Task instructions: Starting at the line that contains "DRS052 - ( Bundle", write out each line through the end of the data below, exactly as it stands. Skip any pictures.

Data segment:
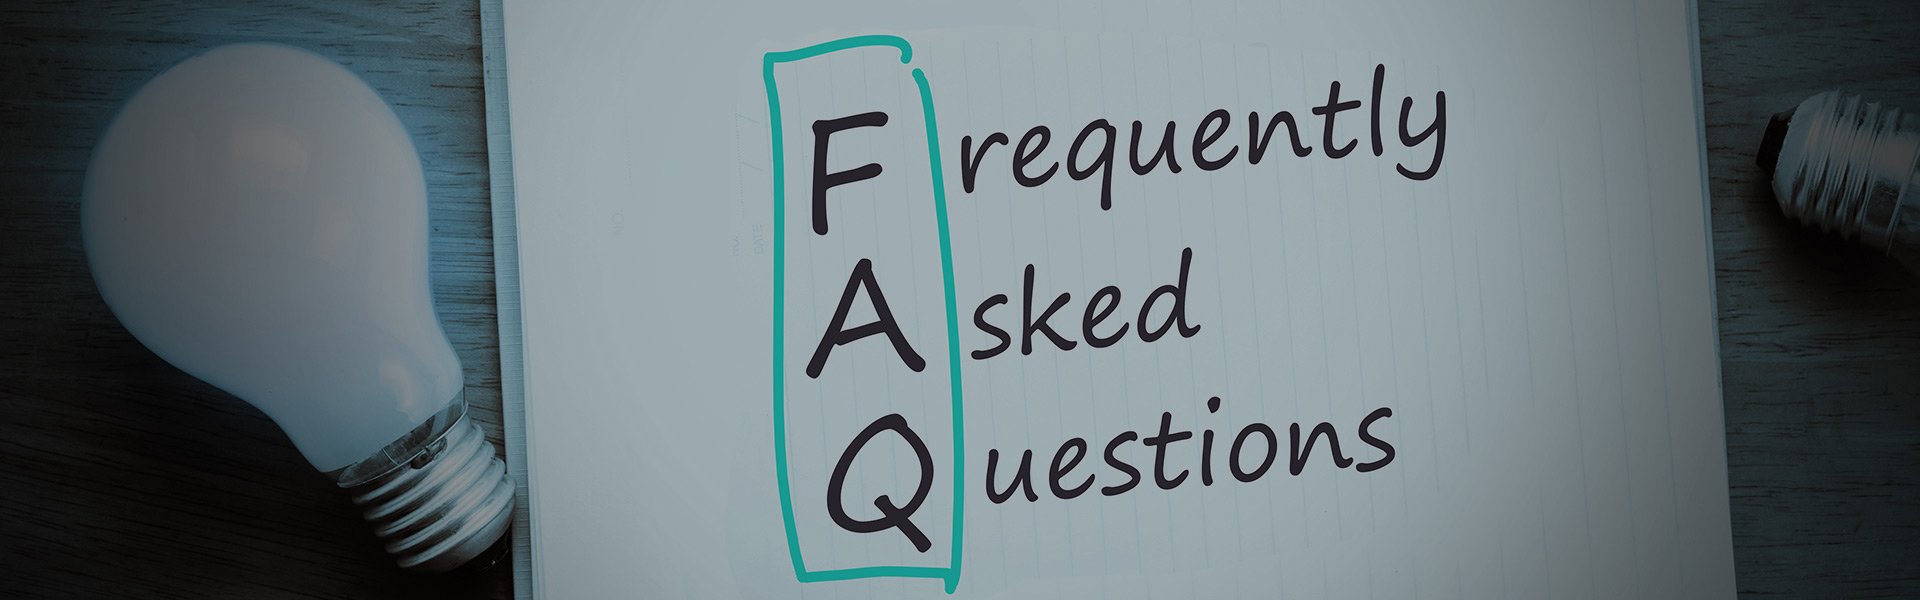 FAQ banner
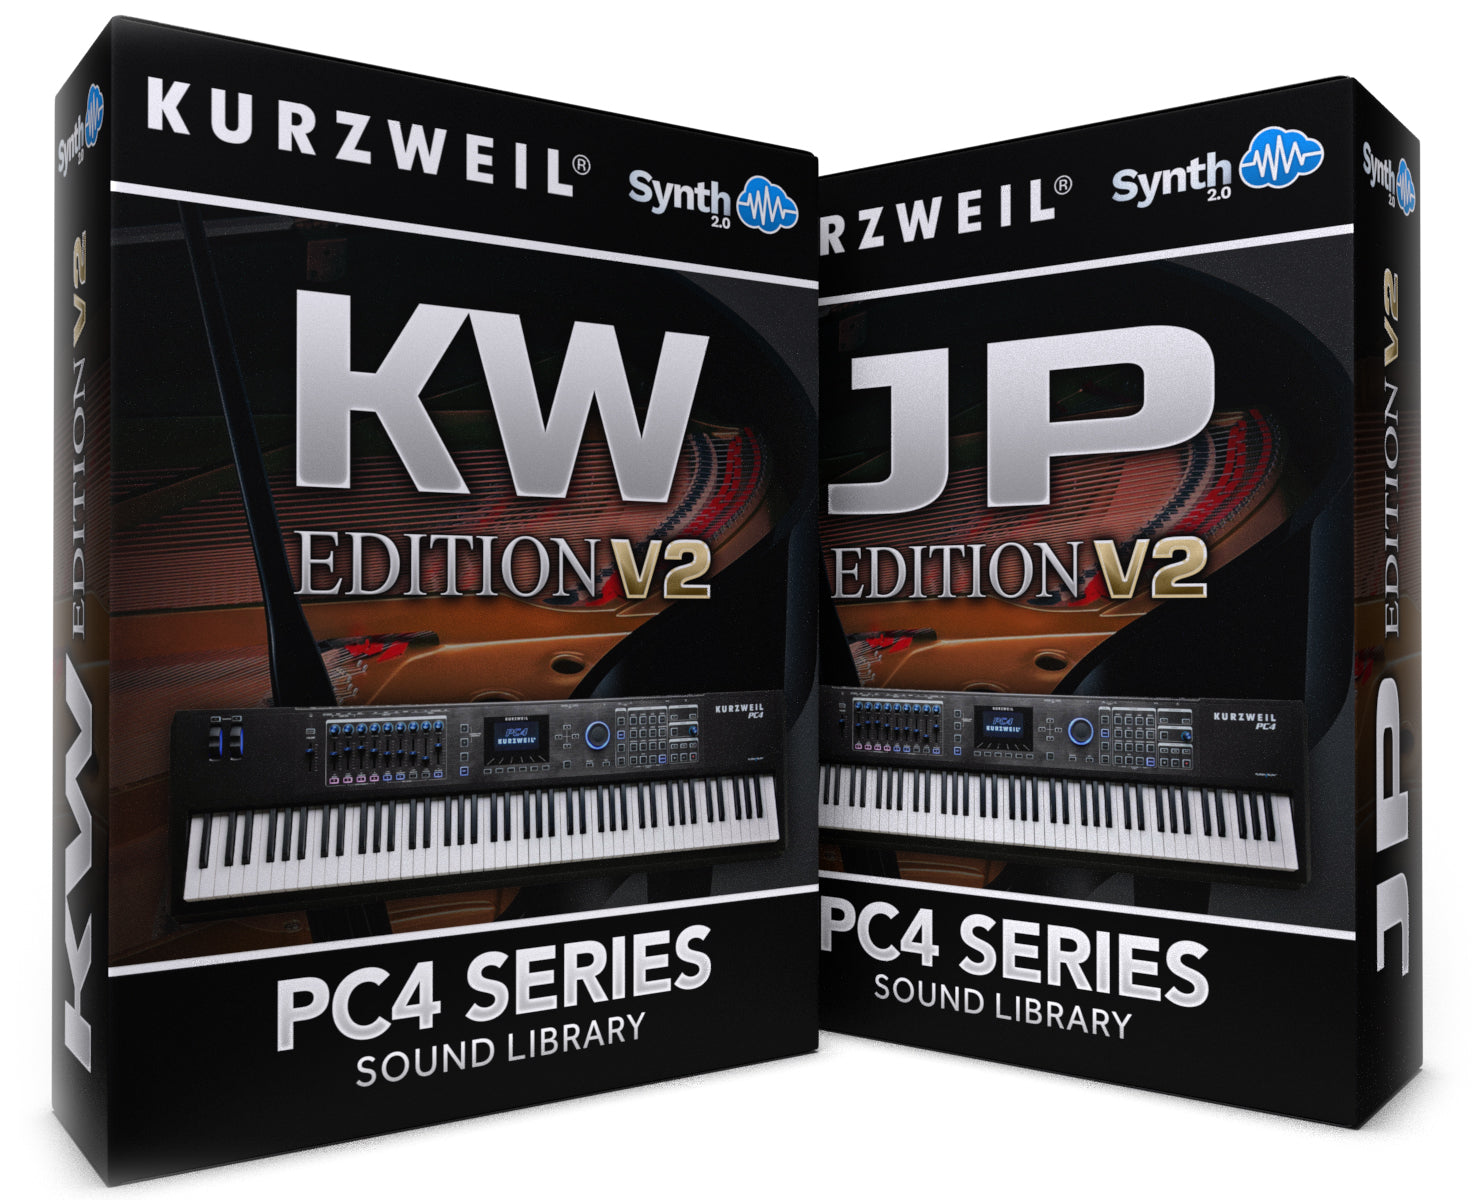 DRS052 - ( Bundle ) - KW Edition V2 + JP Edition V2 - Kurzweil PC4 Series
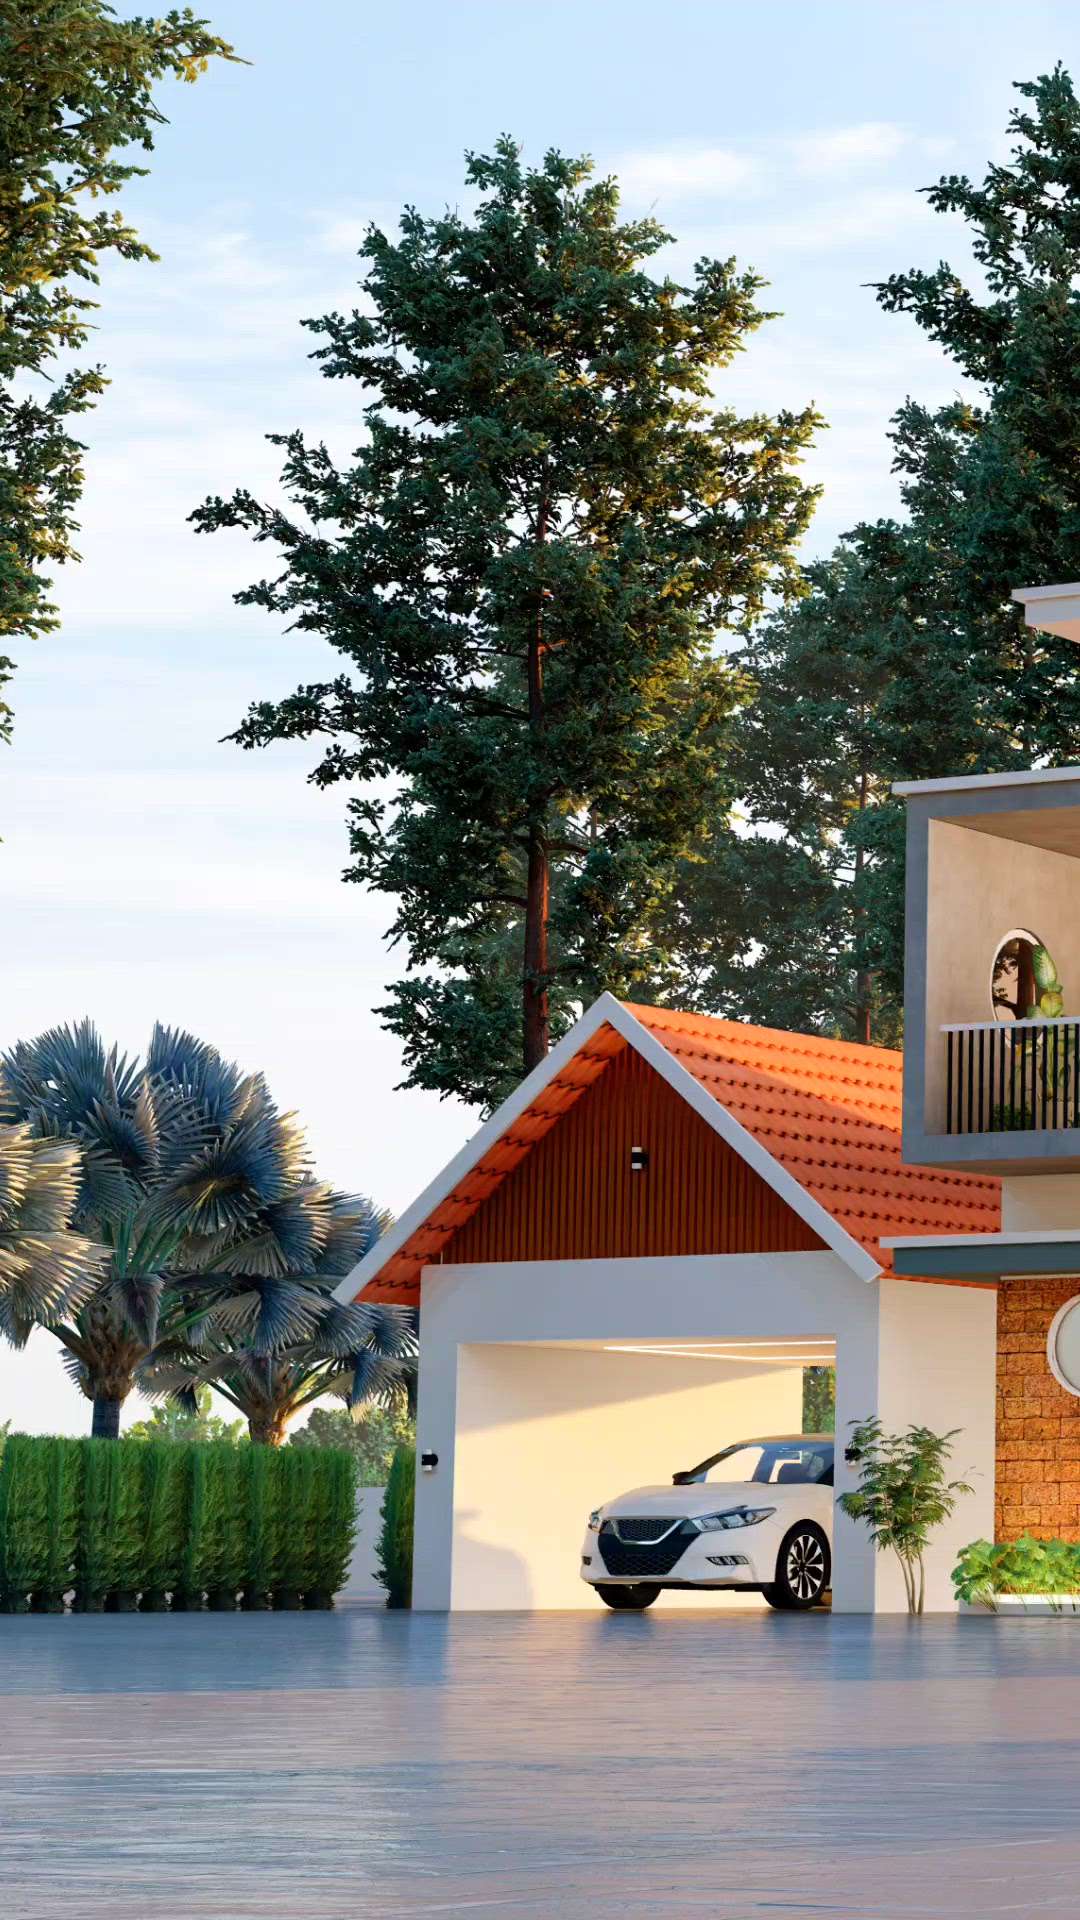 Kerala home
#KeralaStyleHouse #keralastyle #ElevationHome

Expected answer:
 DRS052 - ( Bundle ) - KW Edition V2 + JP Edition V2 - Kurzweil PC4 Series
 Kerala home
#KeralaStyleHouse #keralastyle #ElevationHome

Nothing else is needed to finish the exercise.